Mc 12,28-34 |
Con frecuencia confundimos lo fundamental con lo accidental y le damos más importancia o más valor a lo que es consecuencia que a la esencia y sello del ser creyente. Porque, nada de los actos religiosos que hagamos tienen valor si realmente no son consecuencia del amor. De un amor que emana del único y verdadero Amor que es Dios.
Porque, para darnos de manera total e íntegra necesitamos la fuerza del Amor Absoluto que nos alimenta y nos capacita con su Espíritu y Gracia para amar como Él nos ama. Nada de lo que hagamos en favor de los otros será valioso si no está bañado de ese amor generoso, gratuito que busca el bien desinteresado del otro. Esa es la realidad de nuestra vida y lo que observamos a nuestro alrededor.
Solemos decir que nadie da nada gratis y así parece suceder en la vida de cada día. Nos sorprendemos cuando observamos que alguien se da desinteresadamente y gratuitamente y pensamos que esa persona debe ser creyente y consecuente con su fe. Porque, una cosas son las prácticas y la liturgia, y otra muy distinta es la aplicación de tu fe en la realidad de tu vida de cada día. No, por el hecho de practicar y orar das testimonio de tu fe, sino cuando esa fe aterriza en la vida y se hace amor con obras. Es entonces cuando realmente el testimonio y el ejemplo se contagia y se hace verdad.
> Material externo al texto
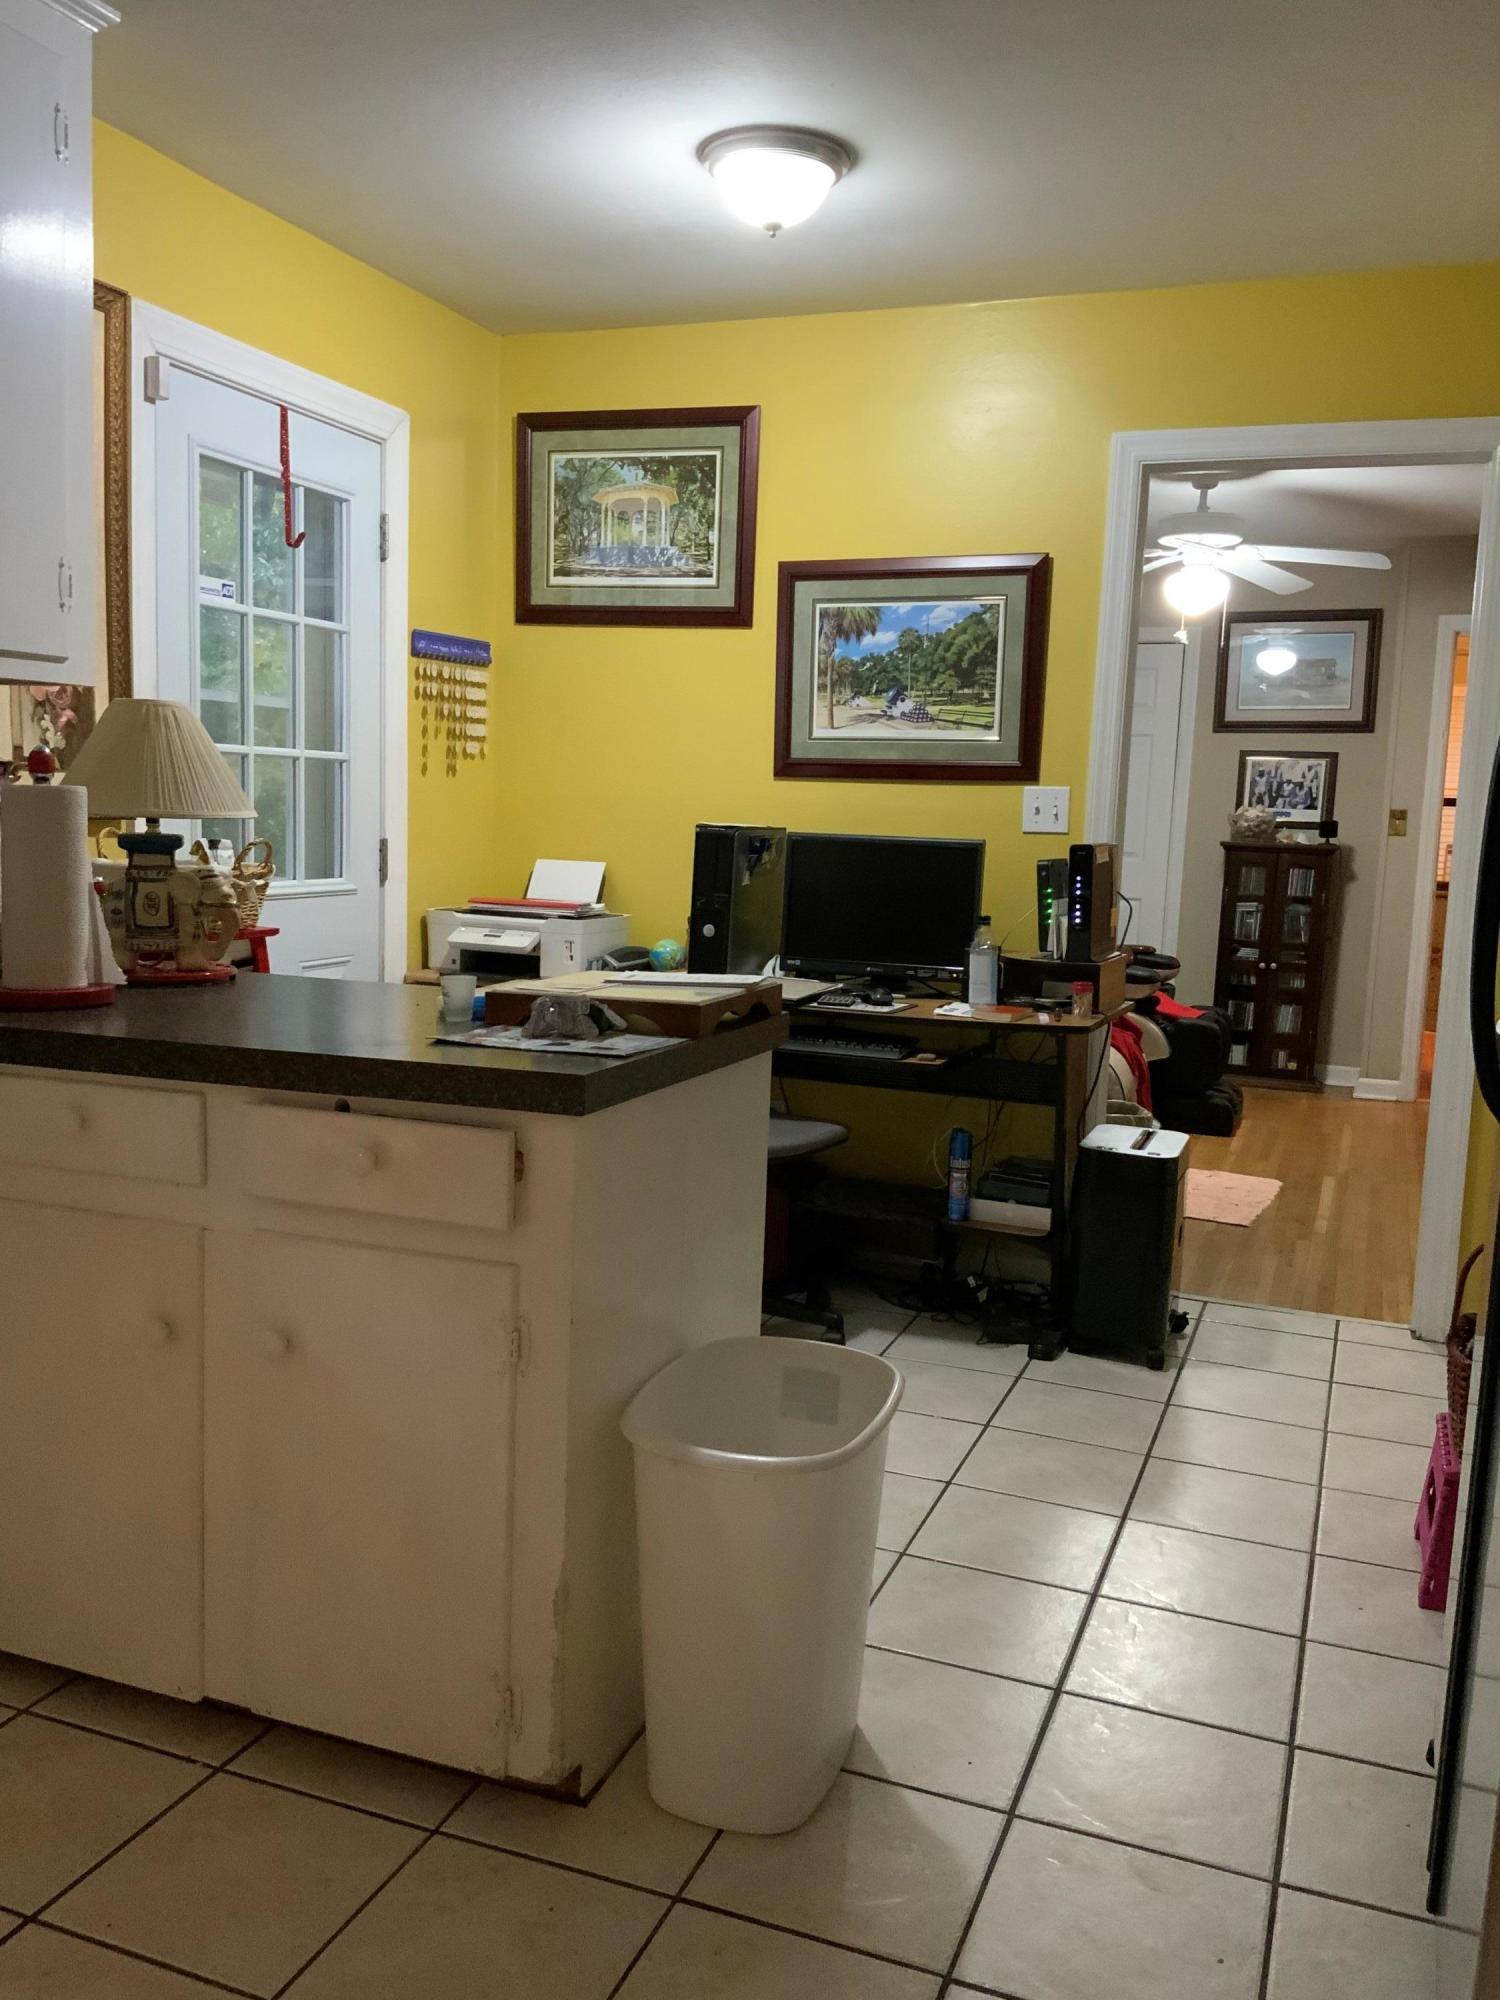 Northbridge Terrace Homes For Sale - 1156 Northbridge, Charleston, SC - 10

Sucede que nuestra vida va muy por debajo de lo que nos gustaría, y que no hacemos lo que pensamos que deberíamos hacer. Nos confesamos pecadores y no nos debemos desanimar porque comprobemos que eso sea verdad y se haga realidad. No damos el nivel y a muy pesar nuestro no contagiamos nuestra fe. El Señor, a pesar de que lo ve y lo sabe, sigue confiando en nosotros y mantiene sus brazos abiertos a nuestra conversión y espera pacientemente a que nos dispongamos a mejorar.
Claro, necesitamos mucha oración, mucho acercamiento y confianza en que Él nos transforme y, también, a dejarnos nosotros transformar. Necesitamos abrirnos a su Gracia y a dejar al Espíritu Santo entrar en nuestro corazón y movernos. Necesitamos, como los niños, dejarnos guiar por nuestro Padre del Cielo y, conociéndole, amarlo más para también amar al prójimo.